# Machine Translation [MT]

***Machine Translation (MT)*** is a technology that automatically translates text using termbases and advanced grammatical, syntactic and semantic analysis techniques

# Types of Machine Trasalation

1. Rule Based Machine Translation[RBMT]
2. Statistical Machine Translation[SMT]
3. Example based Machine Translation [EBMT]
4. Neural Machine Translation[NMT]
5. Hybrid Methods

## Rule Based Machine Translation

Also called Knowledge Based Machine Translation,it works by parsing a source sentence to identify words and analyze its structure, and then converting it into the target language based on a manually determined set of rules encoded by linguistic experts. The rules attempt to define correspondences between the structure of the source language and that of the target language.

**Disadvantages**
1. Development of an RBMT system is time-consuming and labor-intensive and may take several years for one language pair.
2. Human-encoded rules are unable to cover all possible linguistic phenomena and conflicts between existing rules may lead to poor translation quality when facing real-life texts.RBMT engines don’t deal well with slang or metaphorical texts

There are three types of RBMT systems:

**1. Direct Method (DIctionary Based Machine Translation)**
<br>
Source language text are translated without passing through an intermediary representation. The words will be
translated as a dictionary does word by word, usually without much correlation of meaning between them

**2 Transfer Rule Based Machine Translation** 
<br>
Morphological and syntactical analysis is the fundamental approaches in Transfer based systems. Here source
language text is converted into less language specific representation and same level of abstraction is generated
with the help of grammar rules and bilingual dictionaries

Eg- [Mantra](https://mantra-rajbhasha.rb-aai.in/) -A transfer based tool by Indian Govt

**3 Interlingual RBMT Systems**
<br>
 In this method, source language is translated into an intermediary representation which does not depends on any languages. Target language is derived from this auxiliary form of representation

## Statistical Machine Translation[SMT]

SMT works by training the translation engine with a very large volume of bilingual (source texts and their translations) and monolingual corpora. The system looks for statistical correlations between source texts and translations, both for entire segments and for shorter phrases within each segment, building a so-called translation model. It then generates confidence scores for how likely it is that a given source text will map to a translation. The translation engine itself has no notion of rules or grammar. SMT is the core of systems used by Google Translate and Bing Translator

**Disadvantage**

1. It requires very large and well-organized bilingual corpora for each language pair
2. SMT engines fail when presented with texts that are not similar to material in the training corpora.Therefore, it is important to train the engine with texts that are similar to the material that will be translated

## Example Based Machine Translation

In an EBMT system, a sentence is translated by analogy. A number of existing translation pairs of source and target sentences are used as examples. When a new source sentence is to be translated, the examples are retrieved to find similar ones in the source, then the target sentence is generated by imitating the translation of the matched examples. Because the hit rate for long sentences is very low, usually the examples and the source sentence are broken down into small fragments.

**Diasdvantage**

1. It requires large amount of examples for translation
2. When there is no similar example found, the translation quality may be very low

## Neural Machine Translation

Neural machine translation (NMT) is based on the paradigm of machine learning and is the newest approach to MT. NMT uses neural networks that consist of nodes which can hold single words, phrases, or longer segments and relate to each other in a web of complex relationships based on bilingual texts used to train the system.
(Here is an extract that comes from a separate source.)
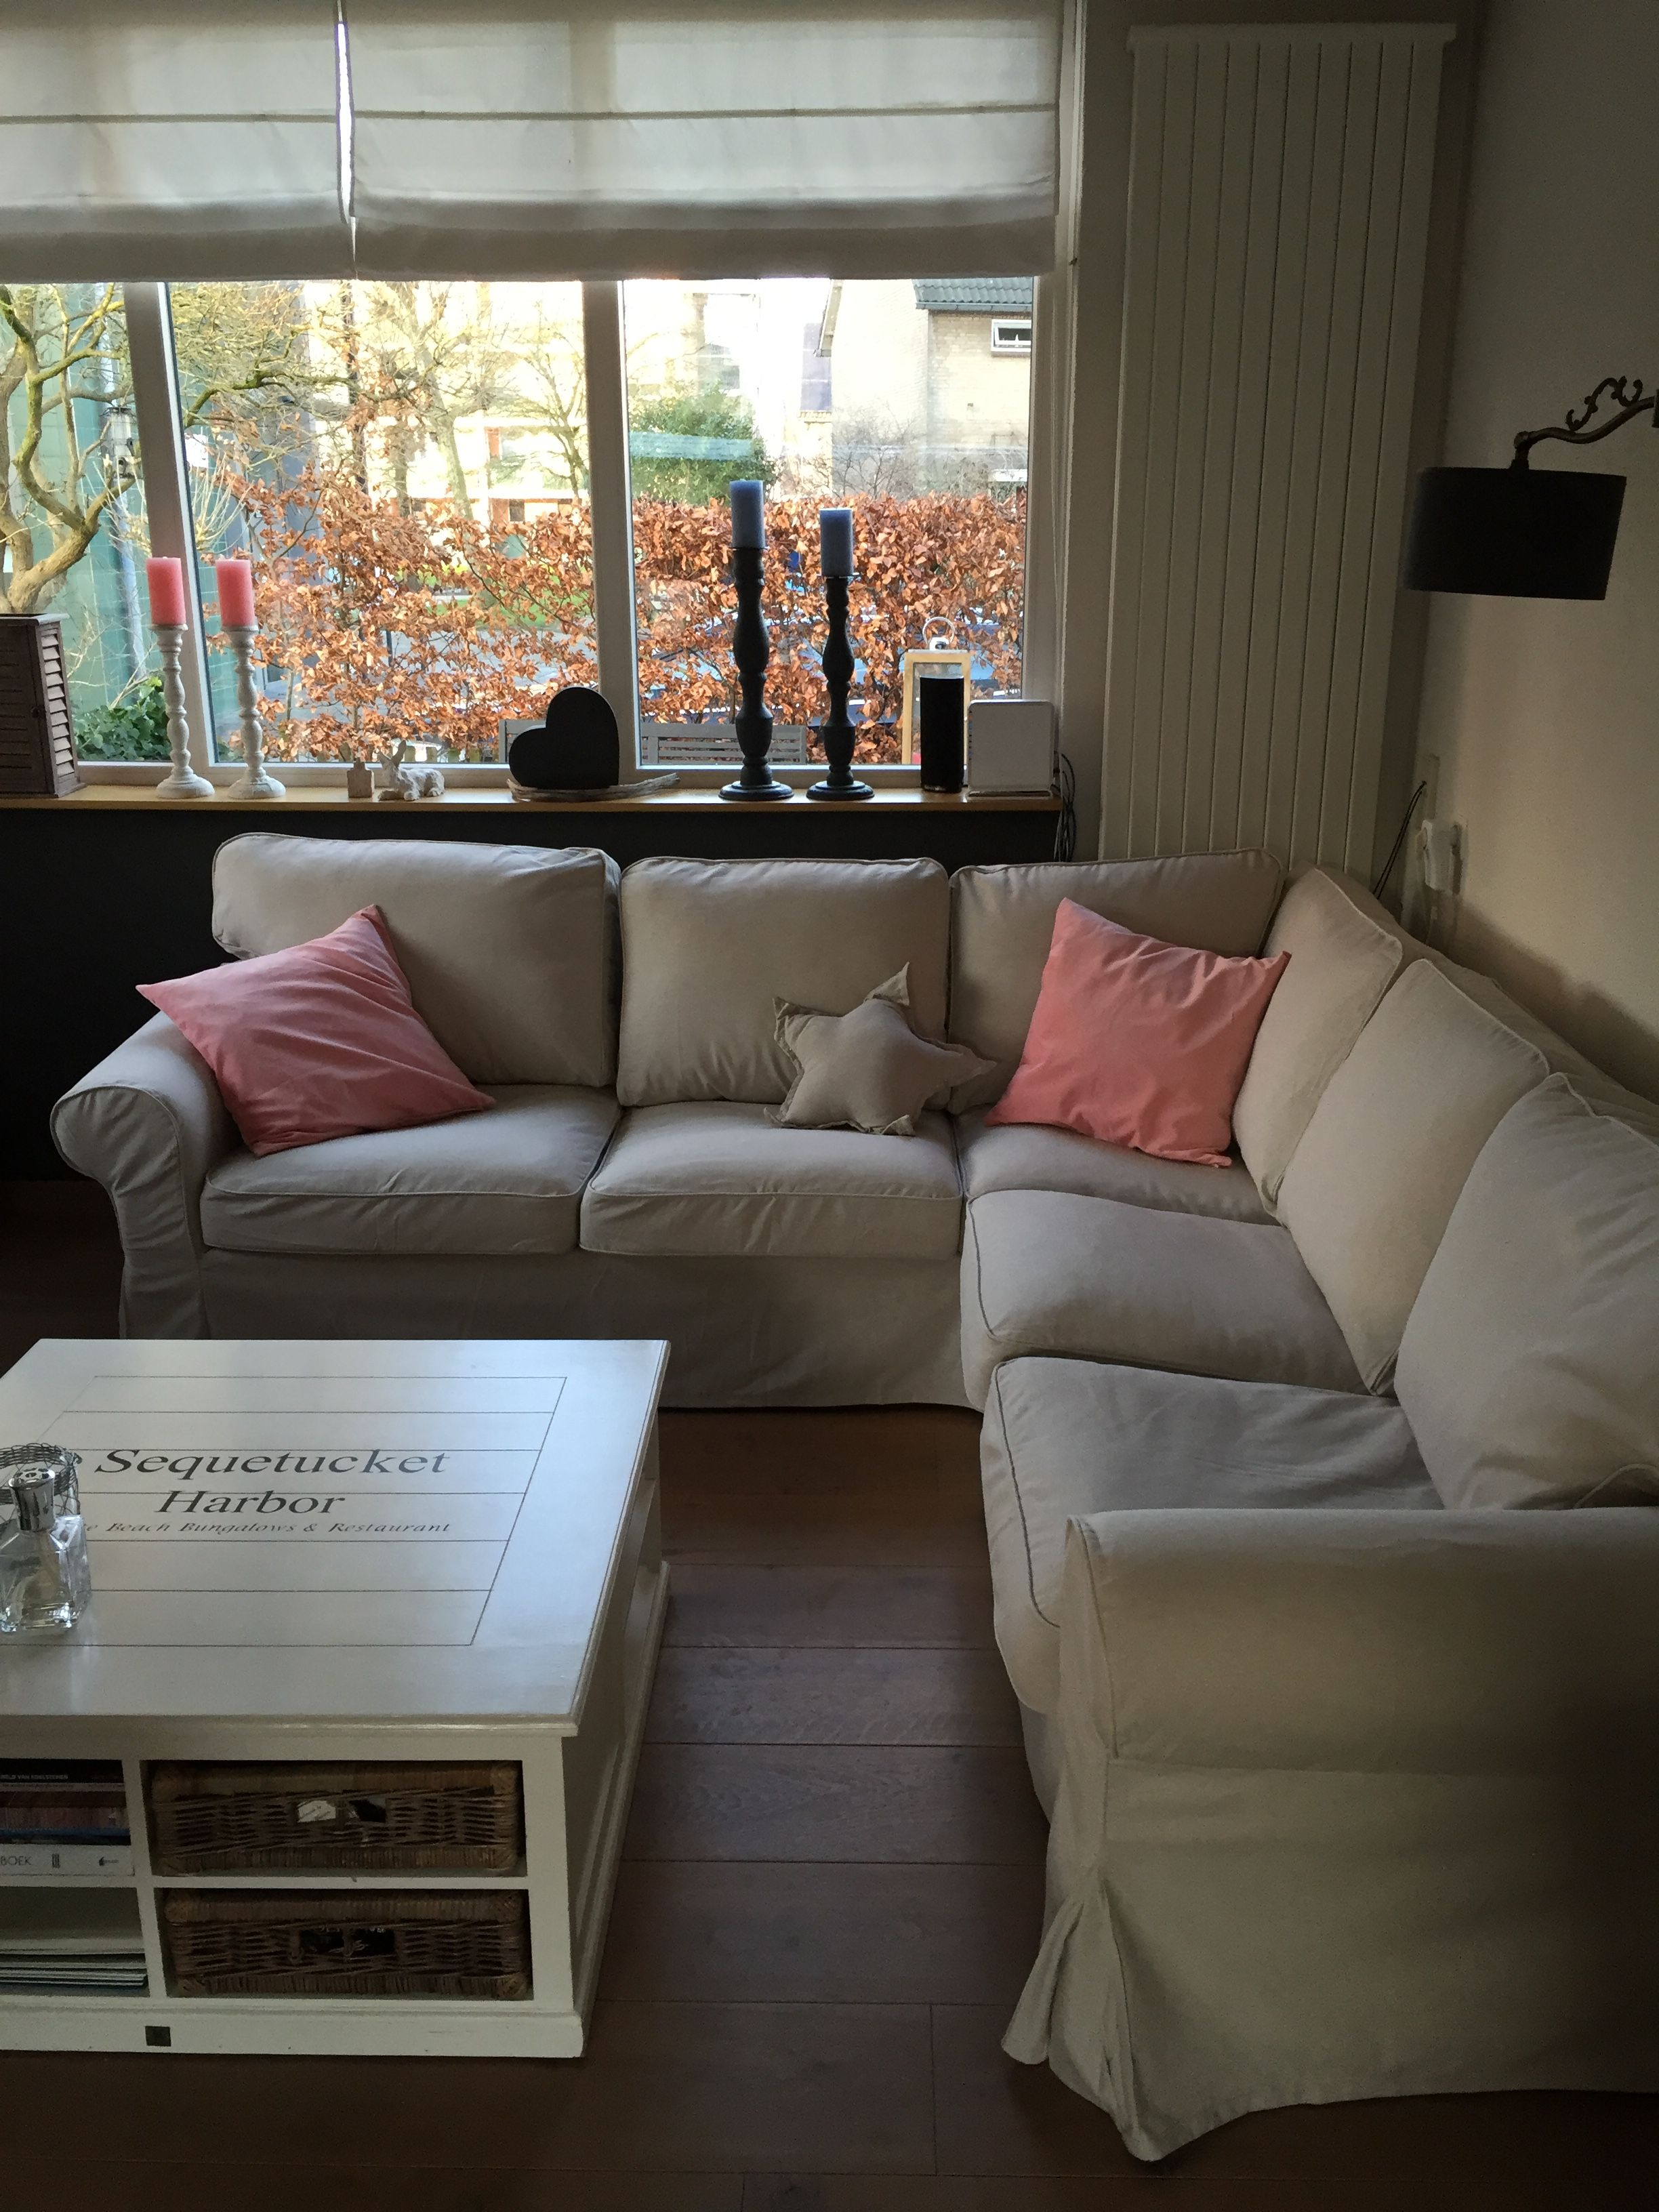 Sectional Sofa Sleeper Small

## Hybrid  Machine Translation

All the above methods have their shortcomings, and many hybrid MT approaches have been proposed. The two main categories of hybrid systems are:

1. Rule-based engines using statistical translation for post processing and cleanup,
2. Statistical systems guided by rule-based engines.
3. Either of the above with some input from neural machine translation system.

Almost all the practical MT systems adopt hybrid approaches to a certain extent, combining rule-based and statistical approaches. Most recently, more and more systems also take advantage of NMT to different degrees.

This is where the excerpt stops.